* Platinum, palladium prices rally to highest since mid-2008 * Launch of new U.S. ETFs fuels investment interest * Gold prices steady as firmer dollar curbs gains
(Updates, adds comment, changes dateline from TOKYO)
By Jan Harvey
LONDON, Jan 12 (Reuters) - Platinum and palladium prices jumped to their highest since mid-2008 on Tuesday as the launch of new investment vehicles in the United States fuelled buying interest amid hopes for a recovery in industrial demand.
Gold prices were broadly flat, as a recovery in the dollar took the wind out of a rally that took the precious metal to five-week highs on Monday.
Spot platinum <XPT=> hit a peak of $1,624, its highest since August 2008, and was bid at $1,617 an ounce at 1041 GMT, against $1,591.50 late in New York on Monday. Palladium hit an 18-month high of $439 an ounce and was later at $434 against $431.
Both metals have benefited from the launch of the first U.S.-based platinum and palladium exchange-traded funds, which began trading on the NYSE Arca platform on Friday.
"We have a new player on the market, and that is the new palladium and platinum ETFs being traded in the United States," said Commerzbank analyst Eugen Weinberg. "We have seen strong demand for them in the first two days of trading."
"Chinese car sales data also supported platinum and palladium prices, because it was so strong," he added. "But I think really demand at the moment is coming not so much from industry but from the investment side."
More than half of global platinum and palladium demand comes from carmakers, which use the metals in autocatalysts. Car demand figures are therefore closely watched by PGM traders.

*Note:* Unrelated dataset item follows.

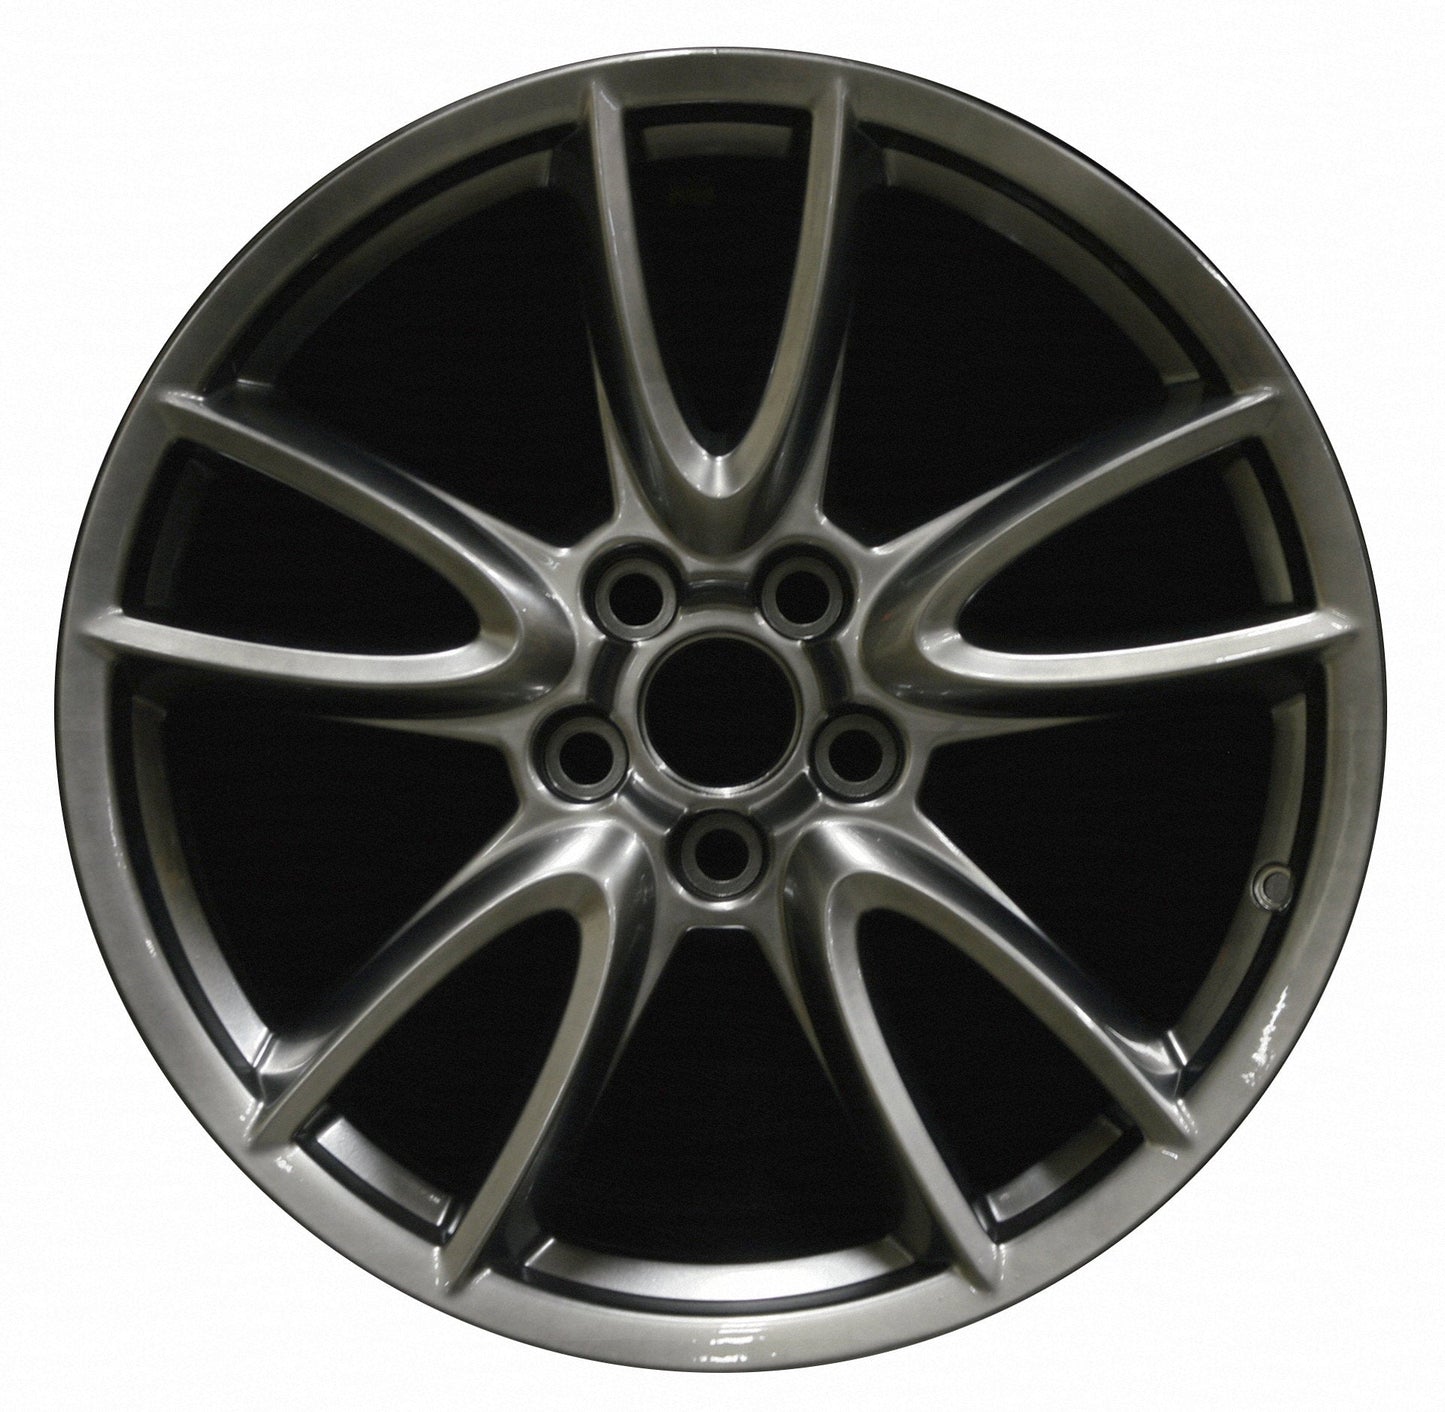 Ford Mustang  2011, 2012, 2013, 2014 Factory OEM Car Wheel Size 19x9 Alloy WAO.3862.HYPV3.FFBRT

For a graphic showing the relationship of platinum and palladium prices to car sales, click on: http://graphics.thomsonreuters.com/0110/CMD_PLDPLT0110.gif.
China's auto sales surged past the United States to reach record levels last year on government incentives, and are poised for solid but slower growth in 2010. [
]Analysts say investment buying sparked by expectations for a recovery in car demand in 2010 could lead platinum and palladium to outperform other precious metals this year. [
]
GOLD TREADS WATER
Gold prices were broadly flat as a rally which took the metal to five-week highs on Monday was curbed by a recovery in the U.S. dollar. The ratio of gold to platinum hit its lowest since August 2008.
The dollar rose after China International Corp official Peng Junming said the unit had hit bottom and had limited room to fall further. This pushed the U.S. currency to the day's high versus the euro and the yen. [
]Strength in the U.S. unit limits gold's appeal as an alternative asset and makes dollar-priced commodities more expensive for holders of other currencies.
Traders are awaiting further clues as to the direction of U.S. interest rates. The Federal Reserve is likely to lift rates when clearer signs of economic recovery emerge, which will benefit the dollar and consequently pressure gold.
"We believe the U.S. dollar and investor inflows into gold will become less constructive for the gold price in the first half of this year," said Deutsche Bank in a note. "The U.S. dollar tends to do well in anticipation of Fed rate hikes."
Other commodities also suffered from the dollar's rebound, with crude oil declining nearly 0.5 percent towards $82 a barrel. Gold tends to track crude prices, as the metal can be bought as a hedge against oil-led inflation. [
]Spot gold <XAU=> was at $1,152.35 an ounce versus $1,151.10 on Monday. Silver <XAG=> was at $18.62 an ounce against $18.55.
In percentage terms, silver has been the best performer of the precious metals so far this year, up 10.9 percent against gold's 5.3 percent rise, a 10.3 percent gain in platinum and palladium's 7.3 percent climb.